Verizon close to deal to buy Intel’s TV service

December 15, 2013

Verizon Communications is near an agreement to buy Intel’s Internet-based pay-TV start-up, according to people familiar with the discussions.

The deal may be announced as soon as this week, after final details are complete, said the people, who asked not to be identified because the talks aren’t public. Intel, which developed the service called OnCue, began looking for a buyer this year rather than invest in the programming and bring it to market.

Verizon, the second-largest U.S. communications company, will use OnCue to extend its pay-TV offering beyond the geographic footprint of its FiOS fiber-optic service. That could shake up pay TV by bringing more competition to cable firms that dominate territories, as well as satellite companies with wide coverage that lack the Web’s interactive capability.

OnCue is designed to provide pay-TV programming over any high-speed Internet connection, making it a threat to cable-TV services that deliver shows over dedicated lines restricted by territory. Intel’s system includes servers, set-top boxes and applications that can stream content to televisions, phones and tablets.

In the hands of Verizon, the product could help spark a trend toward “hardware light” video services, said Andy Hargreaves, an analyst with Pacific Crest Securities in Portland, Ore. That would let people start, stop and switch video services more easily, and could accelerate a shift toward more interactive advertising and advanced analytics, he said.

Intel, the world’s largest chipmaker, decided to divest the business after its new management opted to focus on selling chips for mobile devices, said one of the people.

Intel delayed plans to begin offering the service to subscribers by year’s end. The company was asking about $500 million for OnCue, people with knowledge of the situation said in November.

Spokesmen for Verizon and Intel declined to comment.

New York-based Verizon has been asking media companies if a streaming product would require new contracts for programming, or whether existing FiOS TV agreements could be amended to include the additional rights, people with knowledge of the situation have said.

California-based Intel fell 0.7 percent to close at $24.29 Friday.
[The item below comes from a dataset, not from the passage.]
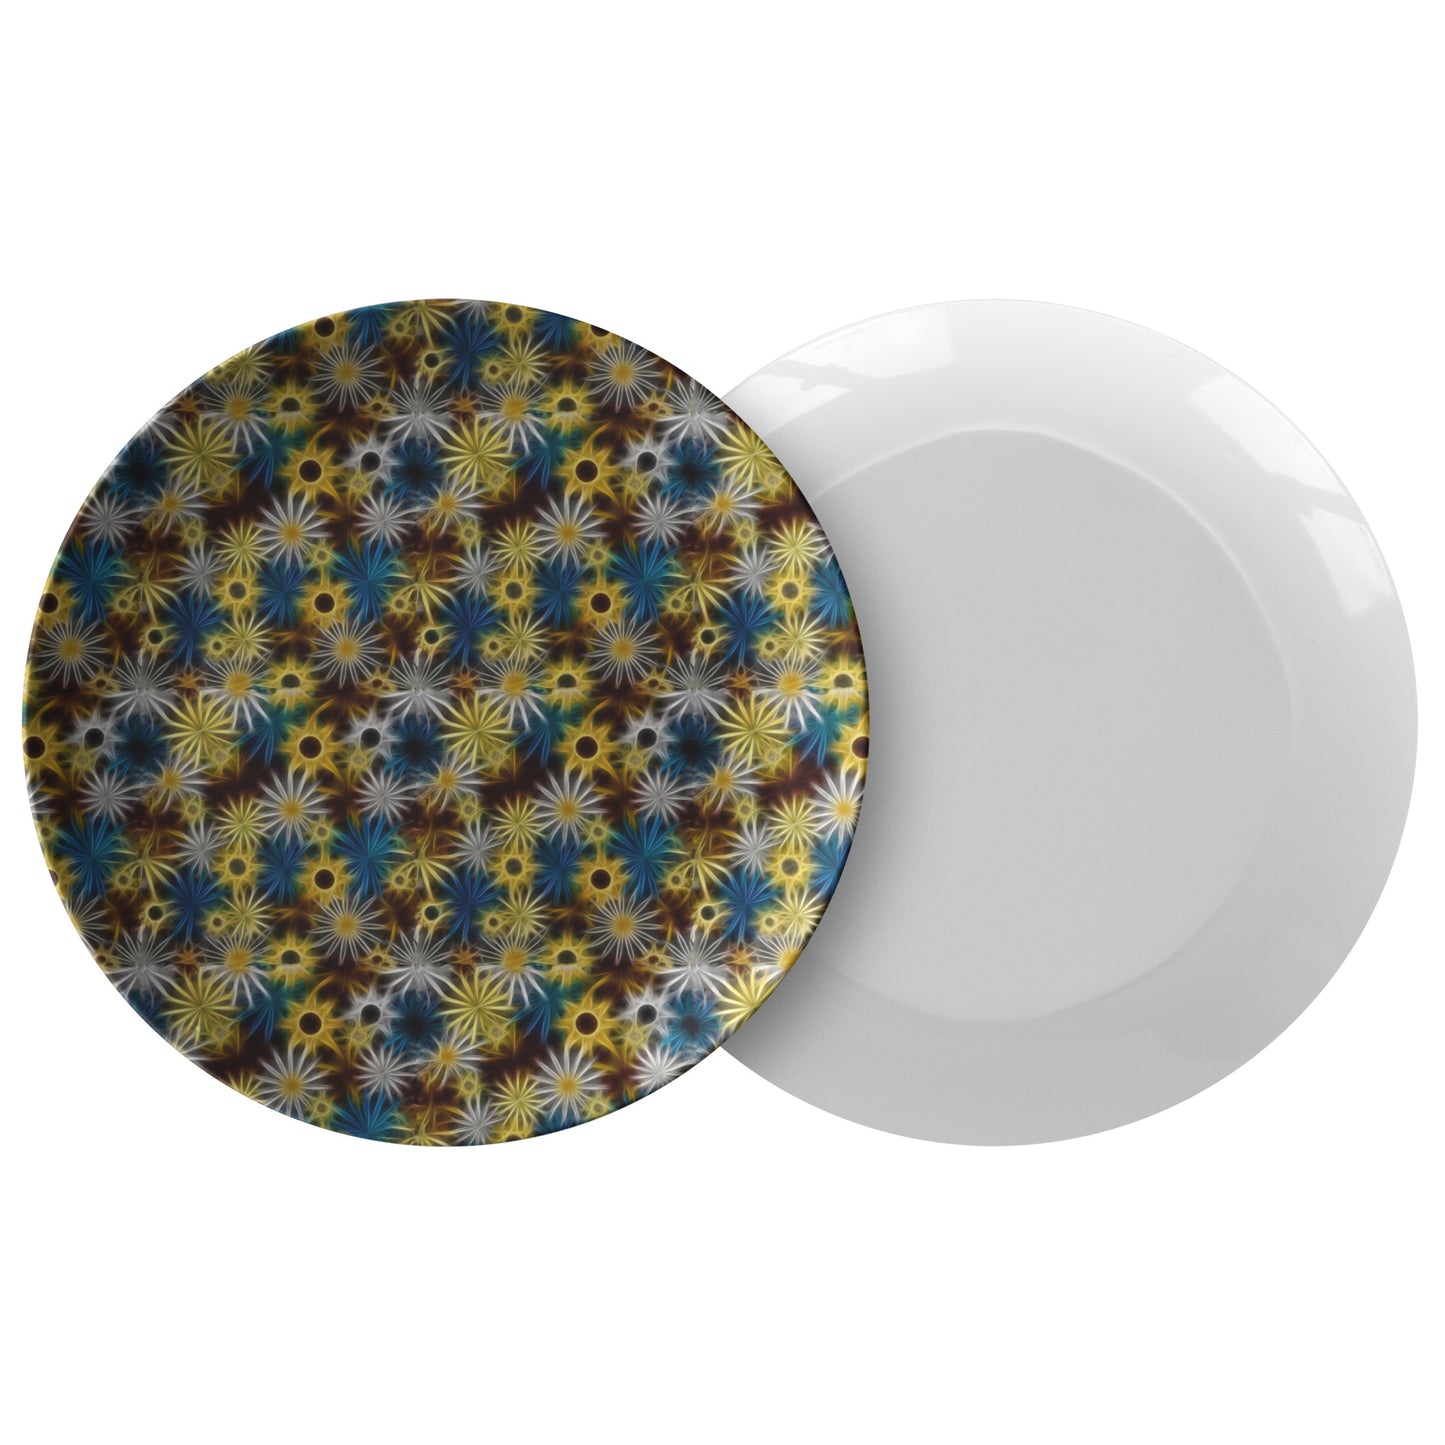 Blue and Yellow Glowing Daisies Dinner Plate

The shares have advanced 18 percent this year. Verizon slipped 0.6 percent to $47.84, leaving it with an 11 percent year-to-date advance. Dallas-based AT&T is the largest U.S. communications company.

Intel backed off of its TV efforts under new chief executive Brian Krzanich. He took the reins in May and is focusing on revitalizing its efforts to win orders from mobile-phone and tablet makers as sales of those devices erode demand for its traditional market, personal computers.

Intel’s efforts to create a Web-based pay-TV alternative have attracted criticism from potential competitors, including DirecTV chief executive Mike White, who runs the largest U.S. satellite-
television provider. The main drawback is that it requires customers to get a separate broadband connection, White said, so it’s not a stand- alone service.